Korean journalists - especially ones who know enough English to write for foreign journals like CNN and the NYT - are largely drawn from those upper-class women who went through college in the humanities and were radicalized on third-wave feminism.

Korean friend points out, Korean journalists frequently cite foreign (CNN, NYT, etc) articles about Korean gender wars to assert that these things are real, without thinking about the filter effect and the fact that the foreign journalists' friends are all upper-class English-speaking Koreans (i.e. filtered for feminists).

The resemblance to urban Indians is uncanny. Almost beat for beat.

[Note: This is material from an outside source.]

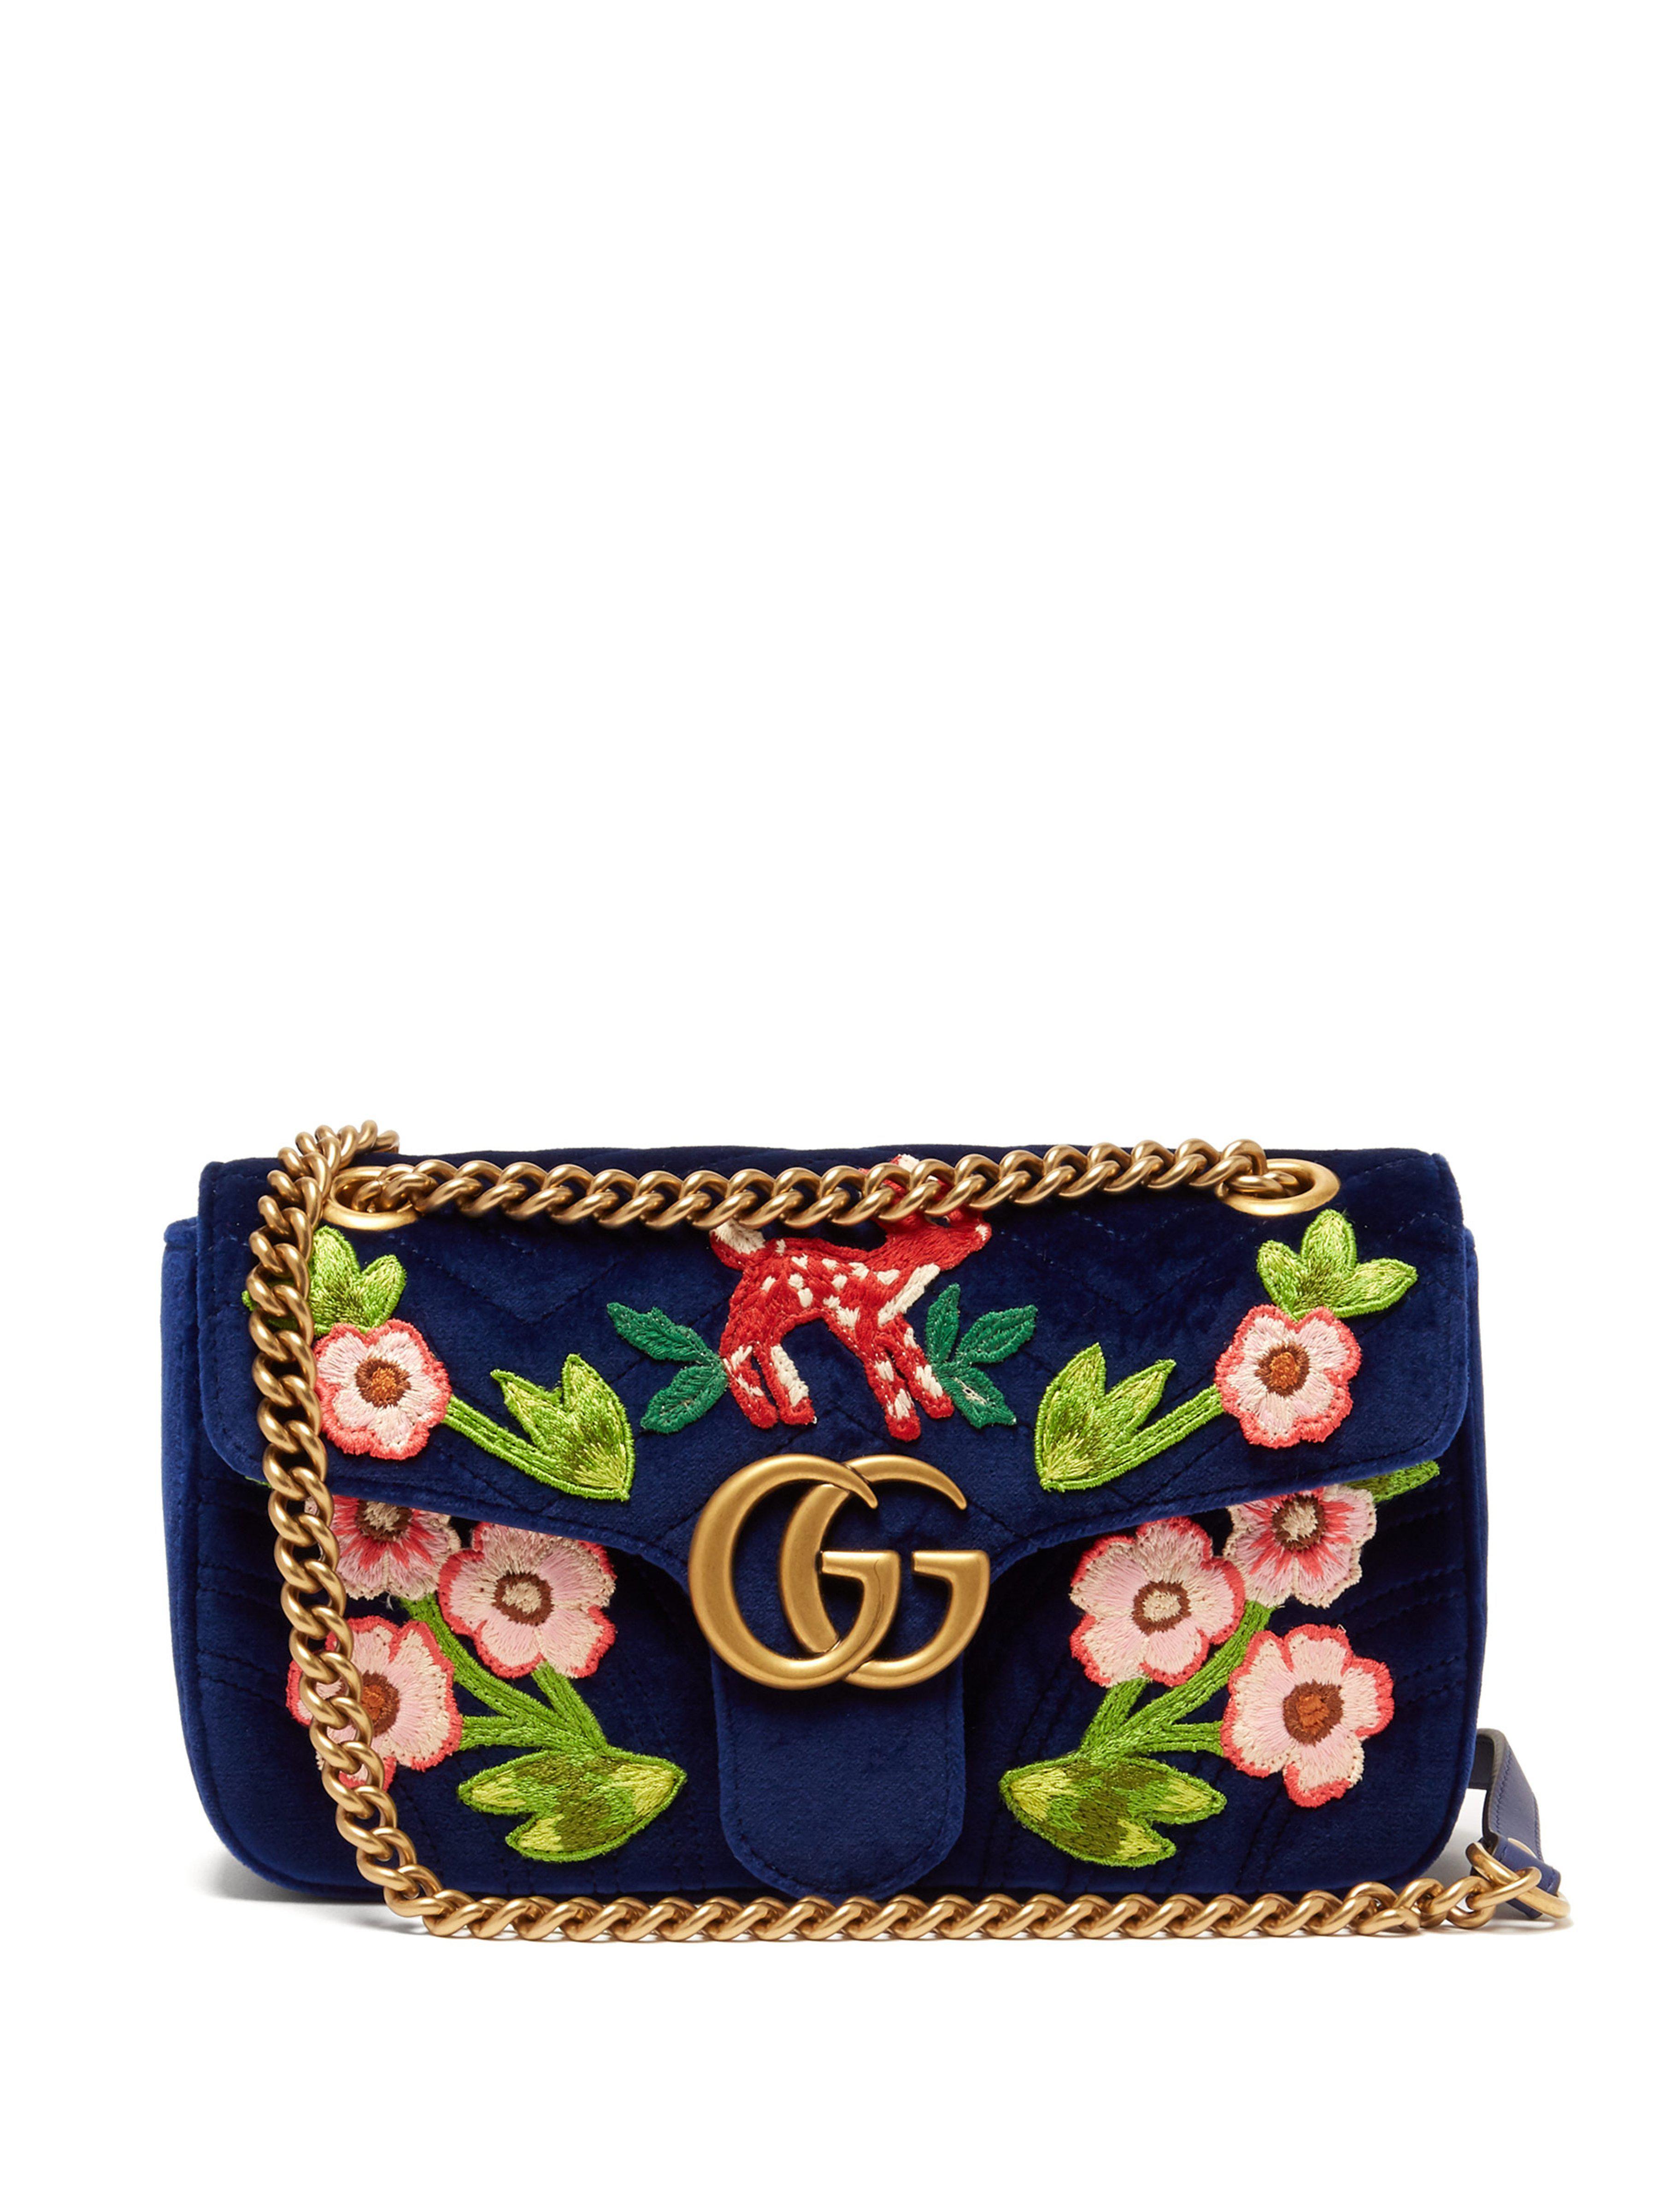 d46858b601fcc Gucci Gg Marmont Embroidered Velvet Shoulder Bag in Blue - Lyst

  • Dads worked insanely hard to give kids a good life. Absent from home.
  • Moms over worked at home and ignored. Kids perceive dad as evil.
  • Women enter workforce en masse and start outperforming men because of affirmative action and strong preference for women in schooling.
  • Cities are bonkers expensive (Mumbai is more expensive per-sqft than SF)
  • Women enter liberal arts, and import western 3rd wave feminism whole sale
  • These women run all western MSM-aligned and portray men as trash
  • Indian men say fuck-this and live with their bros. Women ain't shit.
  • Eventually, 30+ men are married off to 30+ women in arranged marriages. Both lack co-ed socialization and have knee-jerk dislike for the other.
  • Divorce rates go through the roof.... (we are here right now)

Thankfully, there are a few main differences:

  • India is still poor. So wages haven't stagnated. There is still hope among men that their lives can be better than their parents. Optimism keeps defeatist incel-adjacent ideas sweeping the culture. (still, lots of Indian incels)
  • Indians are more outspoken. The culture is not as suffocatingly conformist as East Asia.
  • New cities are being built. So, while Delhi & Mumbai have become unaffordable, couples are moving to Hyd, Bangalore, Gurgaon, etc.
  • The majority is still rural. So, 3rd wave feminists haven't been able to quite takeover the culture like SK.
  • Lastly, other Indians speak English too. So, the voices of dissent are just as loud, even if western MSM won't platform them.

(Note: I am talking about upper middle class urban culture. Rural & Poor India is a very different world)

It seems like arranged marriage is another big difference, yes? From my understanding arranged marriages still exist in Japan but are uncommon, while they’re very rare in South Korea and the sinosphere.